Diarmuid Kilgallen
- Born: 3 August 2000 (age 25) Eadestown, County Kildare Ireland
- Height: 1.93 m (6 ft 4 in)
- Weight: 92 kg (203 lb; 14 st 7 lb)
- School: Cistercian College Roscrea

Rugby union career
- Position: Wing

Amateur team(s)
- Years: Team / Apps / (Points)
- Naas RFC

Senior career
- Years: Team / Apps / (Points)
- 2019–2024: Connacht / 23 / (60)
- 2024–: Munster / 14 / (30)
- Correct as of 04 April 2026

= Diarmuid Kilgallen =

Irish rugby union player

Diarmuid Kilgallen (born 3 August 2000) is an Irish rugby union player, currently playing for United Rugby Championship and European Rugby Champions Cup side Munster. He plays on the wing.

==Connacht==
Kilgallen joined the Connacht Academy in 2019 and made his debut for the Connacht senior team in the final round of the 2019–20 Pro14 against Munster, having been announced as a late replacement in the starting XV for Matt Healy. He was also named in the Ireland U20s side for 2020 U20 Six Nations.

== Munster ==
Kilgallen made his Munster debut against the All Blacks XV on 2/11/2024 but he sustained a wrist injury ruling him out for several weeks.

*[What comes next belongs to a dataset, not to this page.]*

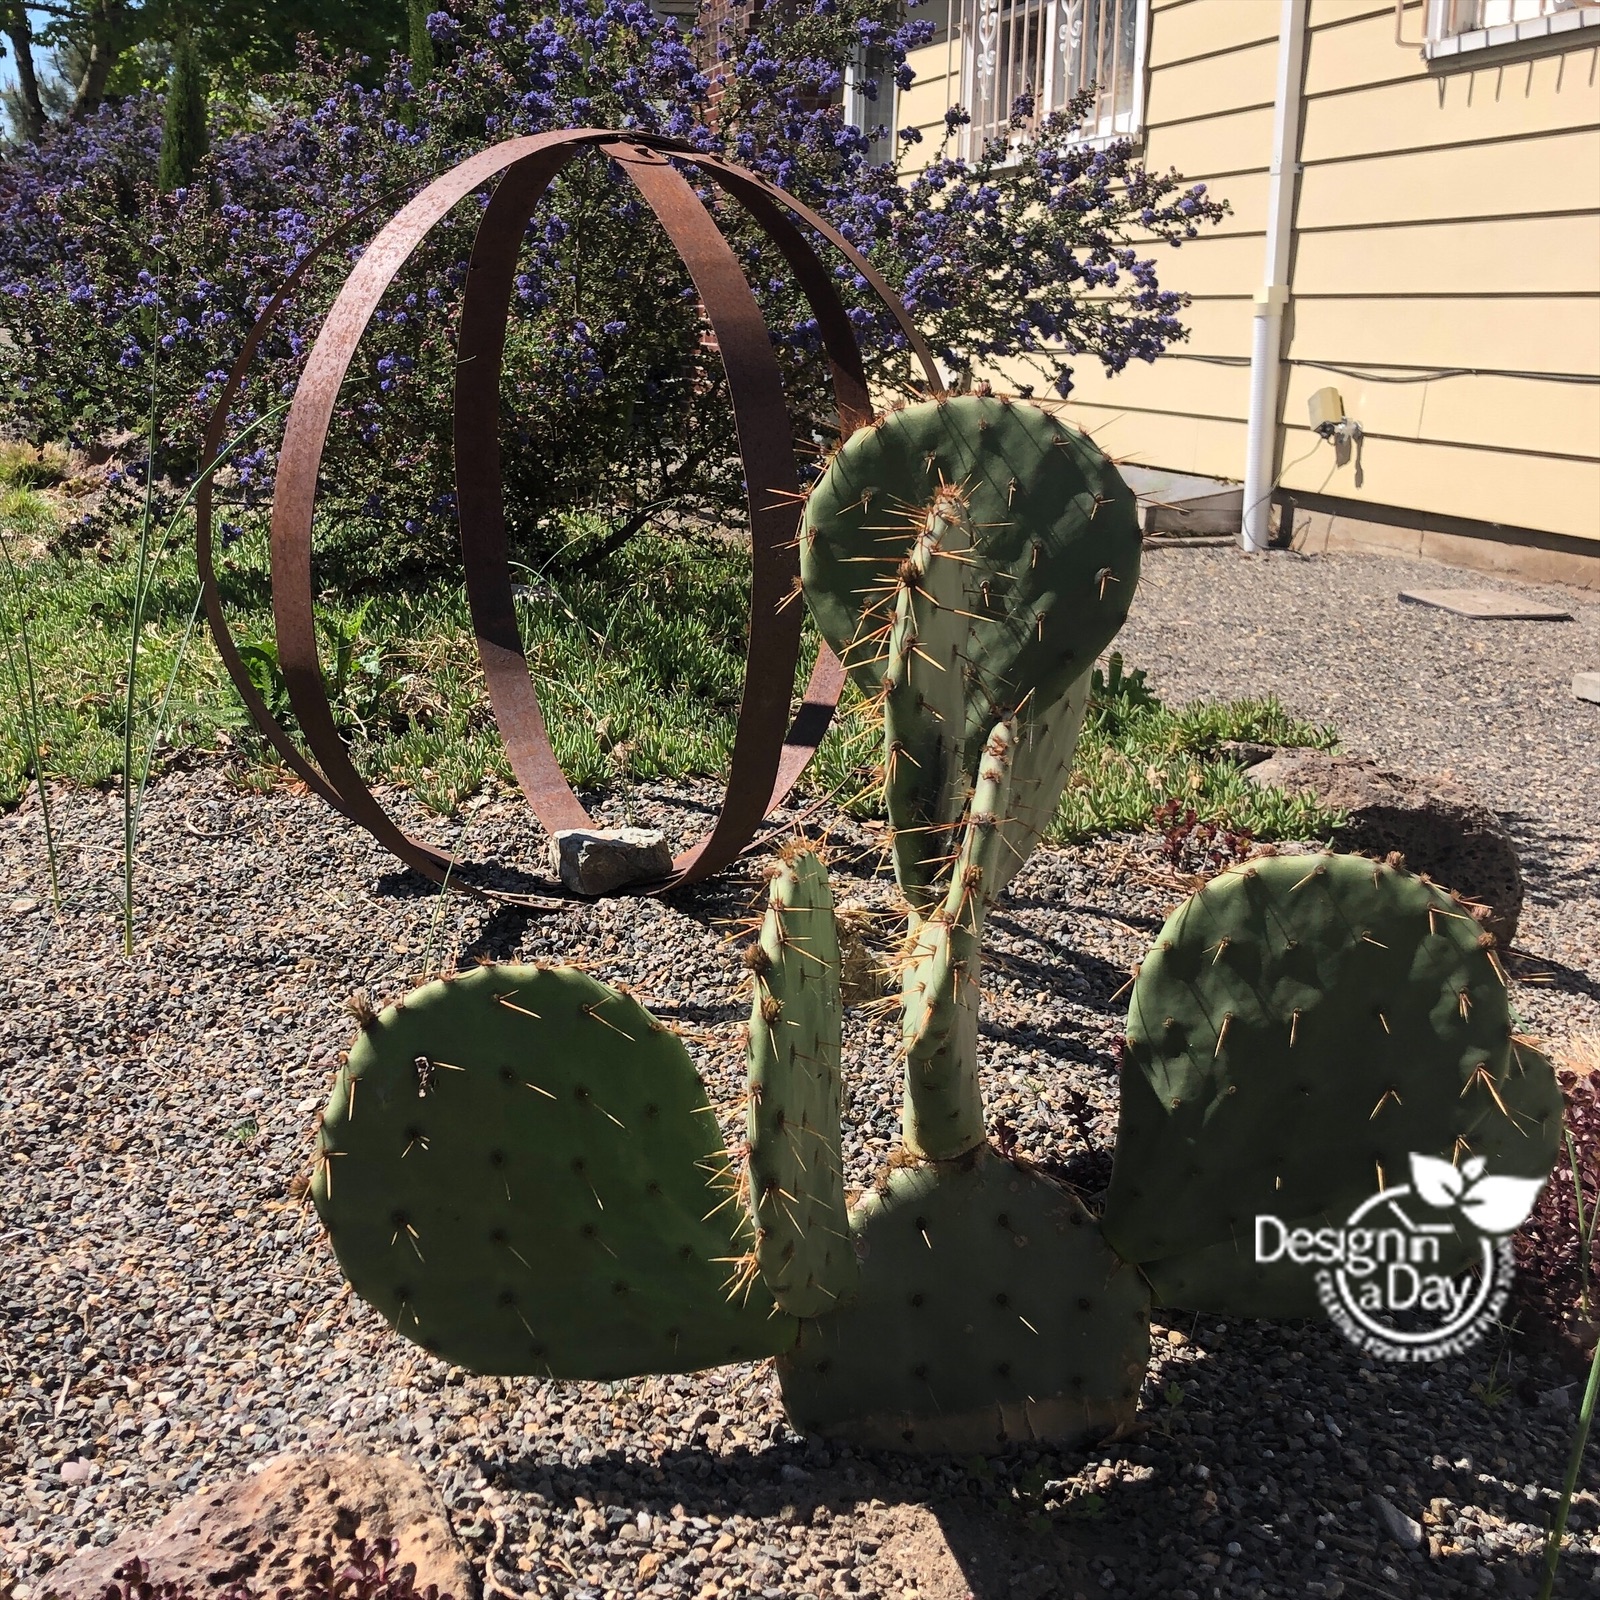 Drought tolerant landscape design includes cactus.

He made his competitive debut for Munster in the Champions Cup pool game away to Northampton Saints, during which he scored two tries

Kilgallen made his United Rugby Championship debut away to Dragons RFC where he scored his first United Rugby Championship try, helping Munster to a 12-38 victory over the home side.

Kilgallen made scored his fourth try for Munster during the province's narrow defeat to The Hollywood Bets Sharks, which they ultimately lost on penalties.